The Bashmur area in the Nile Delta (image taken on 17 September 2006 by NASA’s Landsat 7 satellite)


The Bashmur region is roughly the area in the northern part of the Nile delta, to the south of and around lake Burllus, and between the two main Nile branches in the delta, the Rosetta (corresponding to the Bolbitine) on the western part of the delta and the Damietta (corresponding to the Phatnitic) to the east.


We say roughly because there have been variations in the exact description of the location of the area by different authorities. We shall try to get the confusion reduced to the minimum as we proceed with this topic. But as a starter, I though there is nothing better to introduce the reader to the article in The Coptic Encyclopedia[i] by Randall Stewart under the title, “Al-Basmur”. Here it is:[ii]

BASHMUR, AL-, an area in Egypt in which the Christian inhabitants revolted against Arab rule in the eighth and ninth centuries.

Christianity in the area suffered greatly as a result of the Bashmurites’ final defeat by the Arabs, but it was not quashed completely, as evidenced by the visit of a presbyter from al- Bashmur in Cairo around 1200.

The exact boundaries of al-Bashmur are uncertain because the medieval sources are discrepant. The History of the Patriarchs says that the area was most easily accessible from Tida and Shubra. This statement would place al-Bashmur in the northern Delta, just south of Lake Burullus. Abu Salih the Armenian averred that in a later period at least the inhabitants of al-Bashmur and the inhabitants of al-Bashrud were the same people. The exact location of al-Bashrud is similarly uncertain, but it appears to have been northwest of Sakha.[iii] Ibn Hawqal stated that the lake in Nastaruh was also called Buhayrat al-Bashmur,[iv] suggesting that the region of the Bashmurites was near Nastaruh, that is, north of the cities known today as Disuq and Kafr al-Shaykh. Abu al-Fida, however, placed al-Bashmur between the Dumyat arm of the Nile and Ashmun Tanah.[v]

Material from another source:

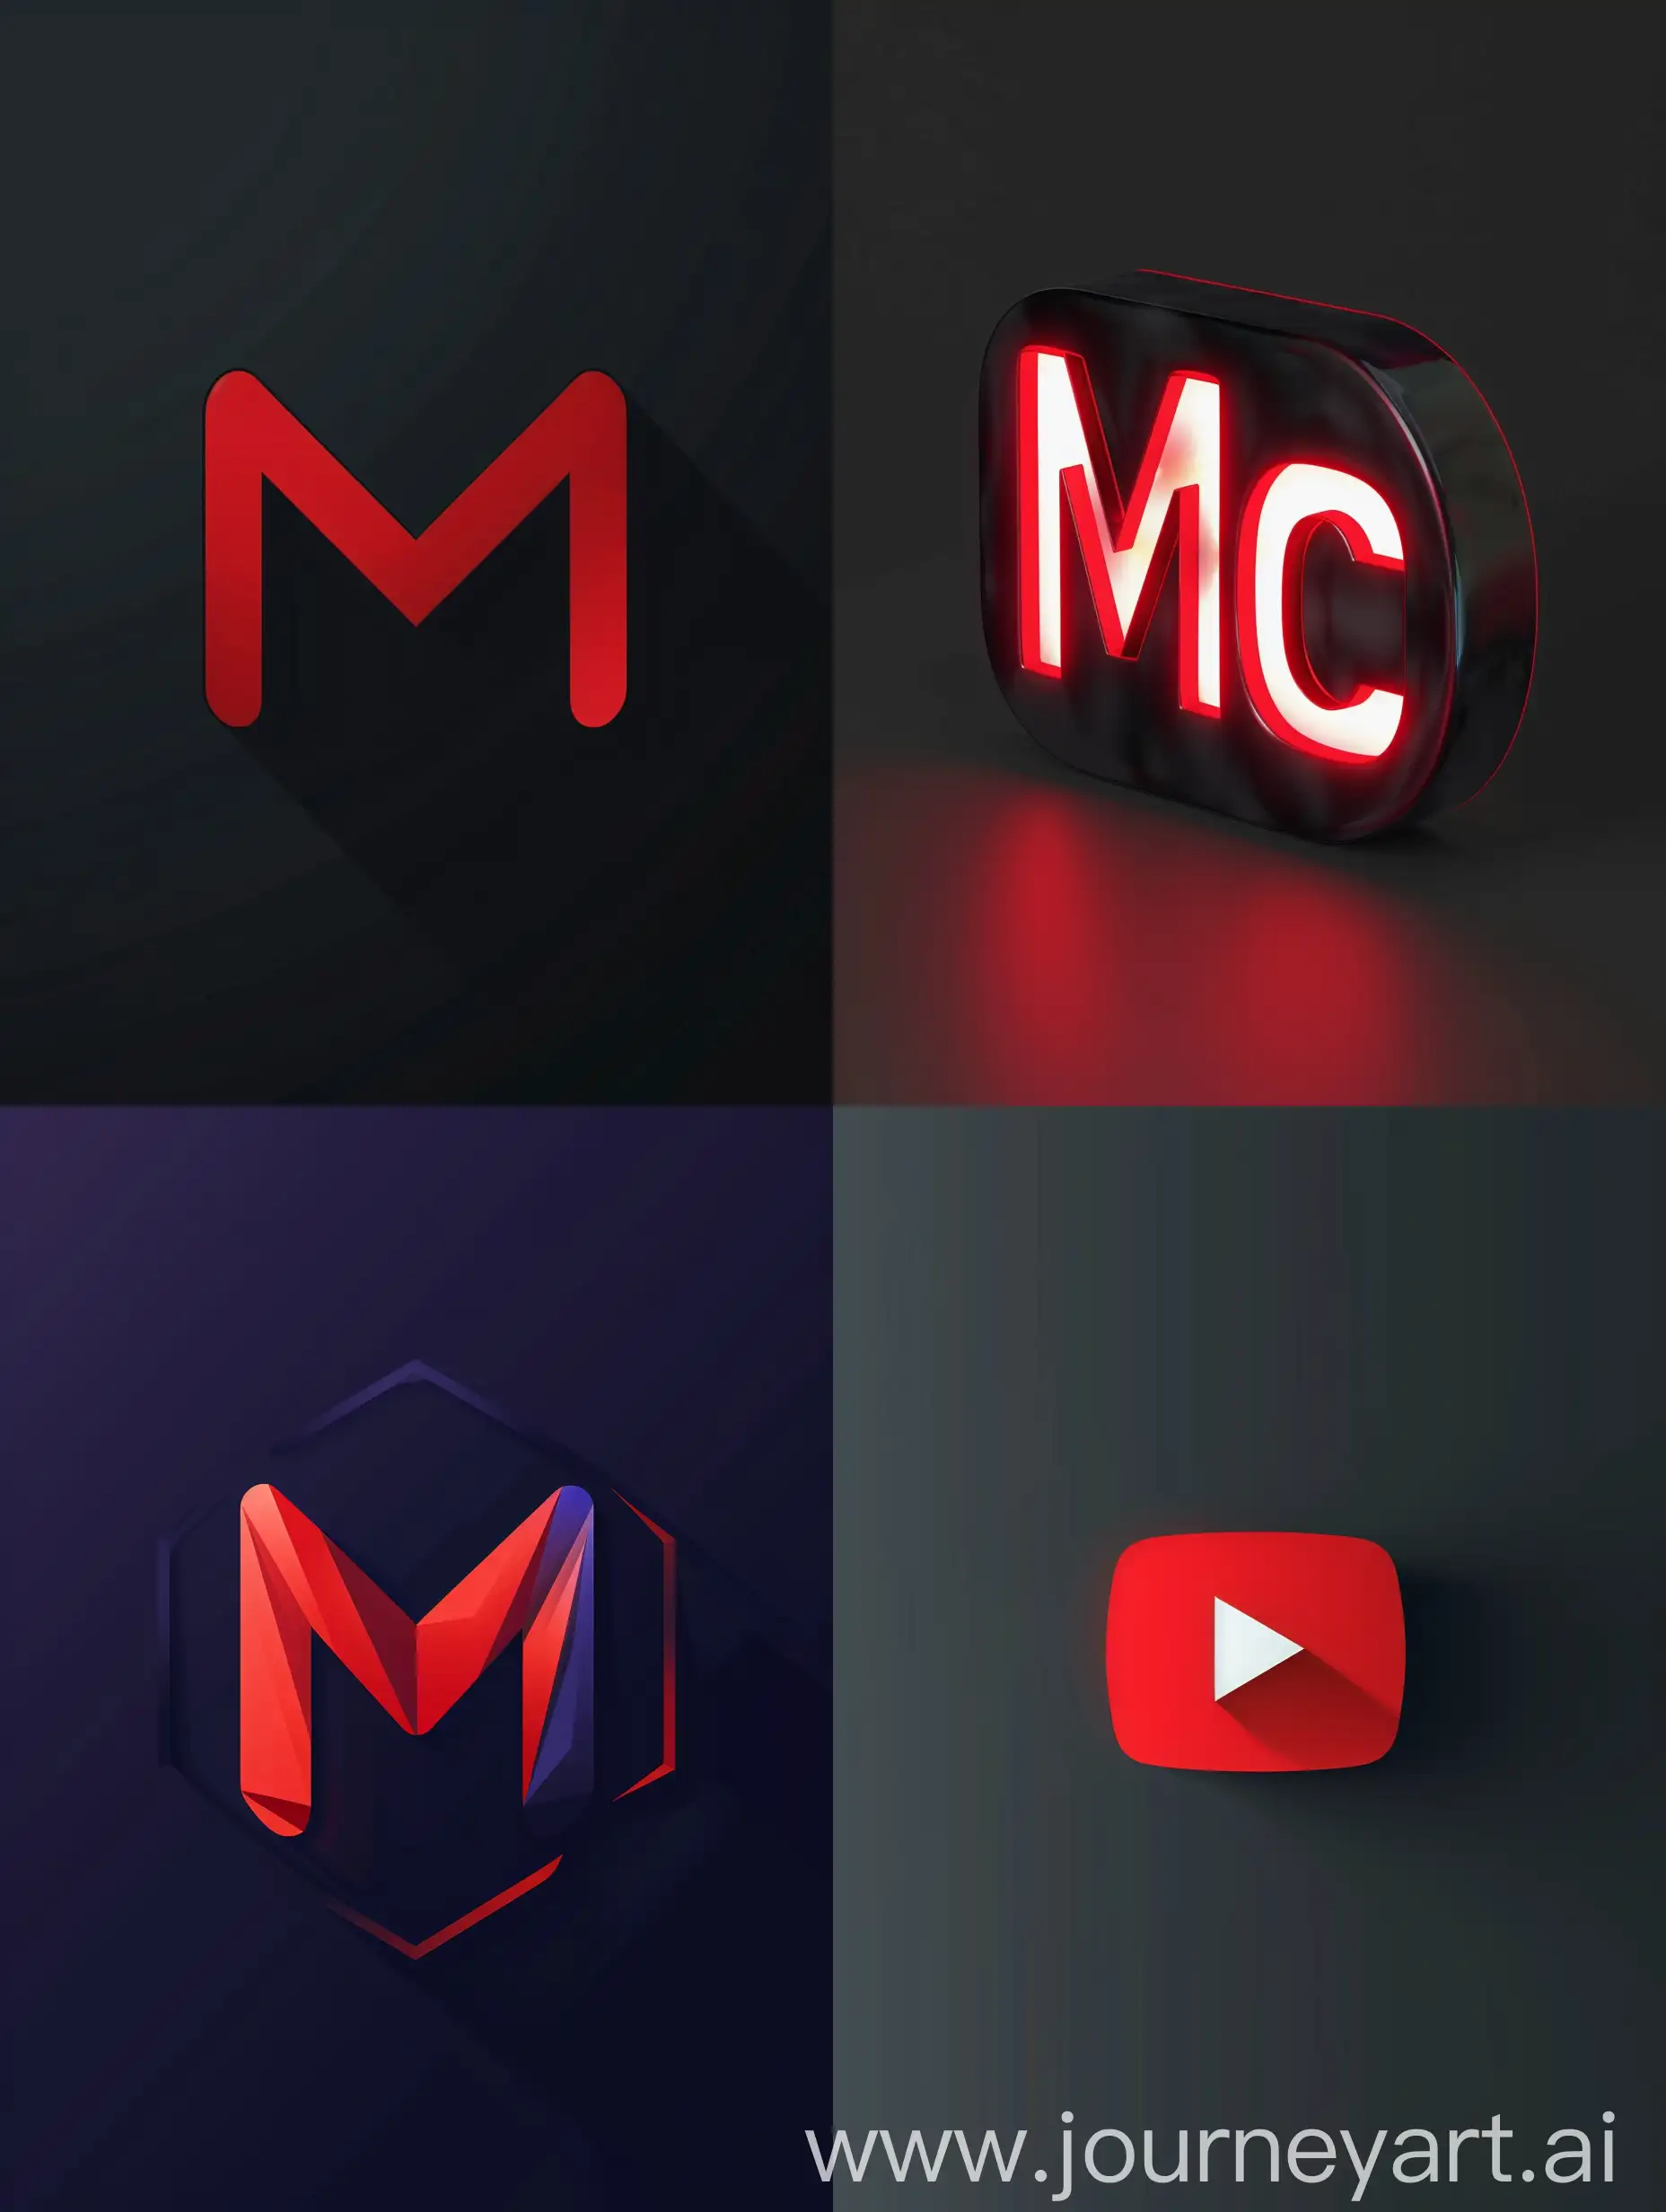 Give me professional youtube logo,with symbols M C

It is possible that the boundaries of al-Bashmur have not been constant throughout the centuries. Perhaps from the mid-eighth to the mid-ninth century, al-Bashmur encompassed the entire marsh region northeast of Fuwwah extending as far to the east as just north of Dikirnis. Later it may have been limited to the eastern part of this area. The name al-Bashmur survives in this region as the name of a Nile canal that breaks off about 4.5 miles (7 km) east of al- Mansurah by al-Salamun and runs through the area between the Damietta arm of the Nile and Dikirnis before emptying into the al- Sirw canal some 3.5 miles (5.5 km) south of Daqahliah.

[i] The Coptic encyclopedia, volume 2. Editor-in-chief, Aziz Atiya Suryal. The whole Encyclopedia has now been digitalised by Clarement University. You can find the article by Randall Stewart here:

[ii] I have made little presentational changes without touching the content of the article.

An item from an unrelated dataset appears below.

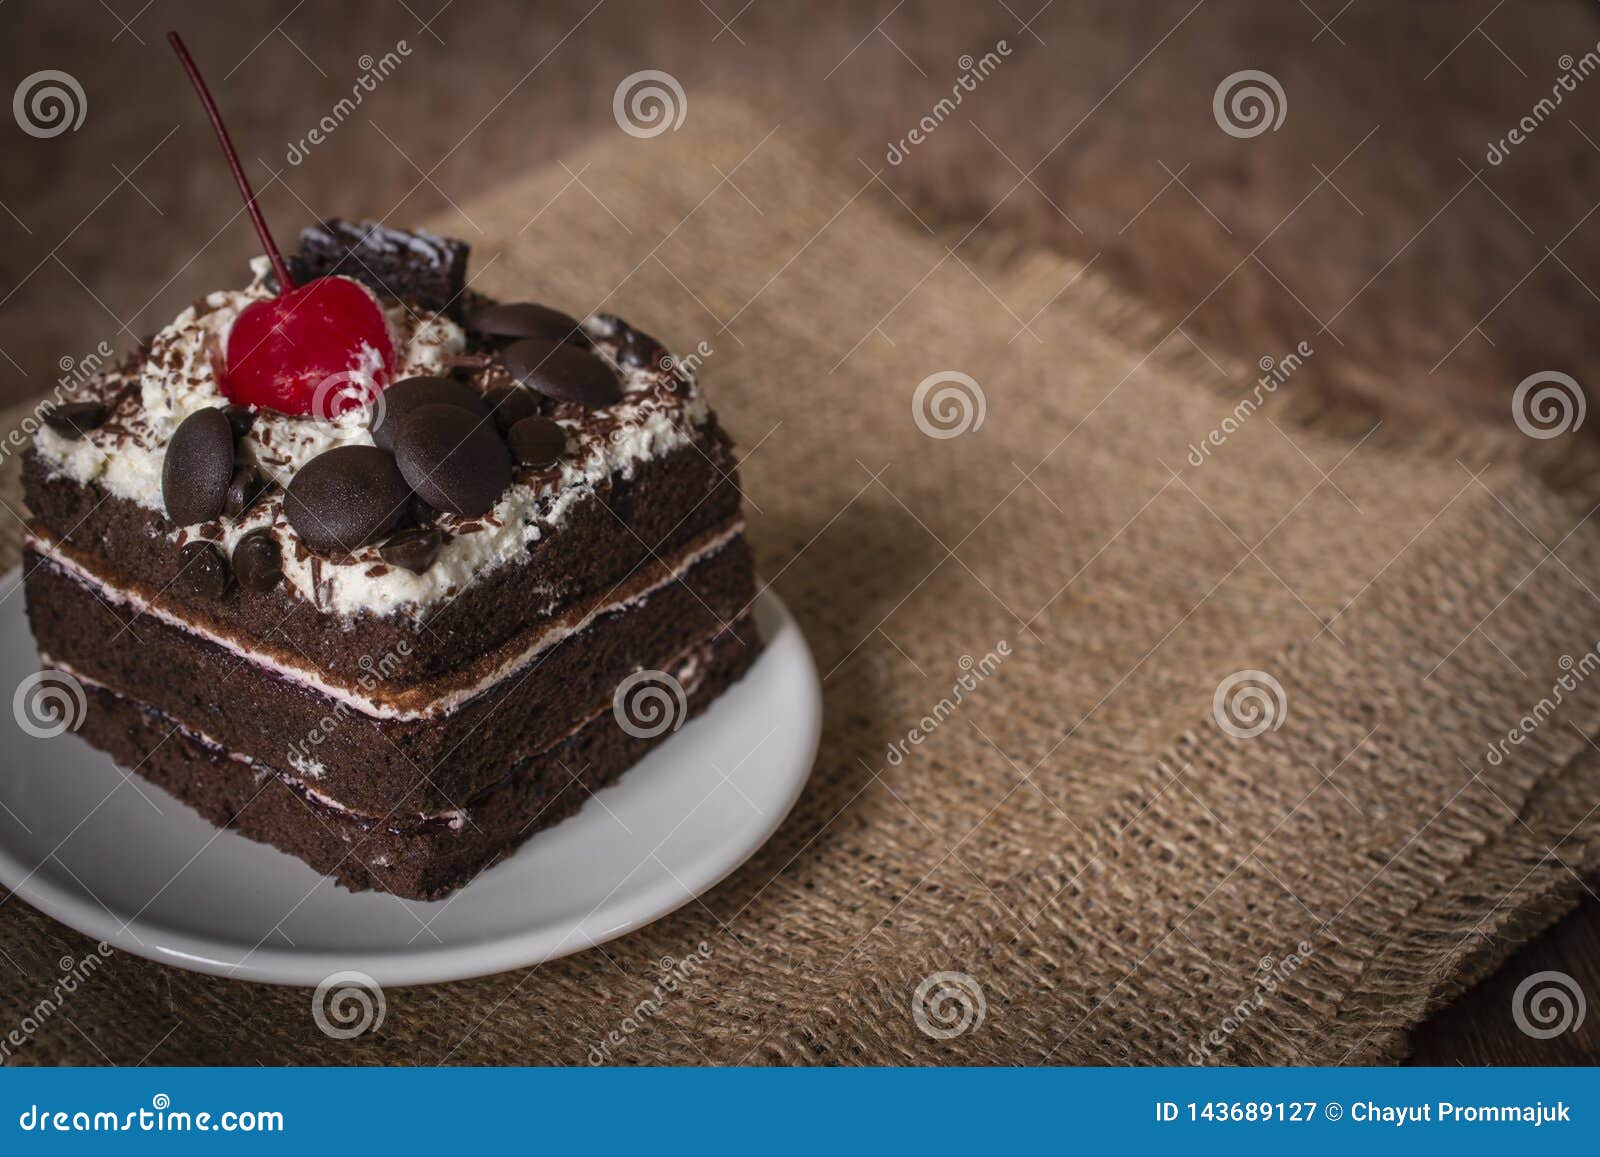 Happy Birthday Black Background Hd Wallpaper | Happy birthday cake  pictures, Birthday cake pictures, Happy birthday cake images

[iii] Timm, S. Das christlich-koptische Ägypten in arabischer Zeit, Vol. 1, pp. 354-56. Wiesbaden, 1984; p. 360.

[iv] Maspero, J., and G. Wiet. Matériaux pour servir à la géographie de l’Egypte. Cairo, 1914-1919; p. 36.

[v] Maspero and Wiet, p. 44

4 Comments leave one →
  1. August 27, 2014 12:46 am

    Hi! I was curious to know if you have some idea what the word “Bashmur” means, or what its etymology is. Thank you!

    • Dioscorus Boles permalink*
      August 28, 2014 7:44 pm

      No clear answer to this. I have read before that it meant land of cattle breeders/shephards. Needs good study.

      • August 28, 2014 7:48 pm

        The reason I ask is because of the recent events in Iraq, the Kurdish “Peshmurgians” (those who face death) reminded me of the Coptic “Bashmurites”. I was curious to see if the words were similar in some way.

      • Dioscorus Boles permalink*
        August 28, 2014 8:01 pm

        Would be interesting if there is connection but I should imagine it’s very unlikely.